▸ Your objective:
Look through the records and copy each line with the string "Wallpaper" in it.

▸ Given records:

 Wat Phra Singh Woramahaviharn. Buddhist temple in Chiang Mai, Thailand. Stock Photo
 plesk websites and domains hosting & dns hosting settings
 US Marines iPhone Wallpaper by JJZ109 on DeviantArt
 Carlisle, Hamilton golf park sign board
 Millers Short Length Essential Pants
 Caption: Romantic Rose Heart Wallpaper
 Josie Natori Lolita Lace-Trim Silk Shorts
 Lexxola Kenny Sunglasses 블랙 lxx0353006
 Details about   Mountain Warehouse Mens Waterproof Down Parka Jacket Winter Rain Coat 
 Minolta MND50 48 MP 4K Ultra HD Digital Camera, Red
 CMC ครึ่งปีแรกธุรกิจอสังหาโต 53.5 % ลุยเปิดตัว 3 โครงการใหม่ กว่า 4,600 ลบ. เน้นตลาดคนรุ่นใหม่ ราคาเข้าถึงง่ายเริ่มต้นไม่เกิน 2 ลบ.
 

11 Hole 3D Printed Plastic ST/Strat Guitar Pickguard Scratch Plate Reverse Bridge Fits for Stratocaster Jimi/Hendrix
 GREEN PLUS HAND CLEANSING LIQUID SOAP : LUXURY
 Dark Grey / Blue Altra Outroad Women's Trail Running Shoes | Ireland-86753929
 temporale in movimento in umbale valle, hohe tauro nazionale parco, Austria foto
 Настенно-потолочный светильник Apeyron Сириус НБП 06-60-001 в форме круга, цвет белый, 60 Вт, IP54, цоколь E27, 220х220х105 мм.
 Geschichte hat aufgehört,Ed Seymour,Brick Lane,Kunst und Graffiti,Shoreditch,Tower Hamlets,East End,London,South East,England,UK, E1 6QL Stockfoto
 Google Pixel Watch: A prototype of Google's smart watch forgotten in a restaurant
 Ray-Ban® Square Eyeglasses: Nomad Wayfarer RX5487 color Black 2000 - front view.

▸ Output of the exercise:
 US Marines iPhone Wallpaper by JJZ109 on DeviantArt
 Caption: Romantic Rose Heart Wallpaper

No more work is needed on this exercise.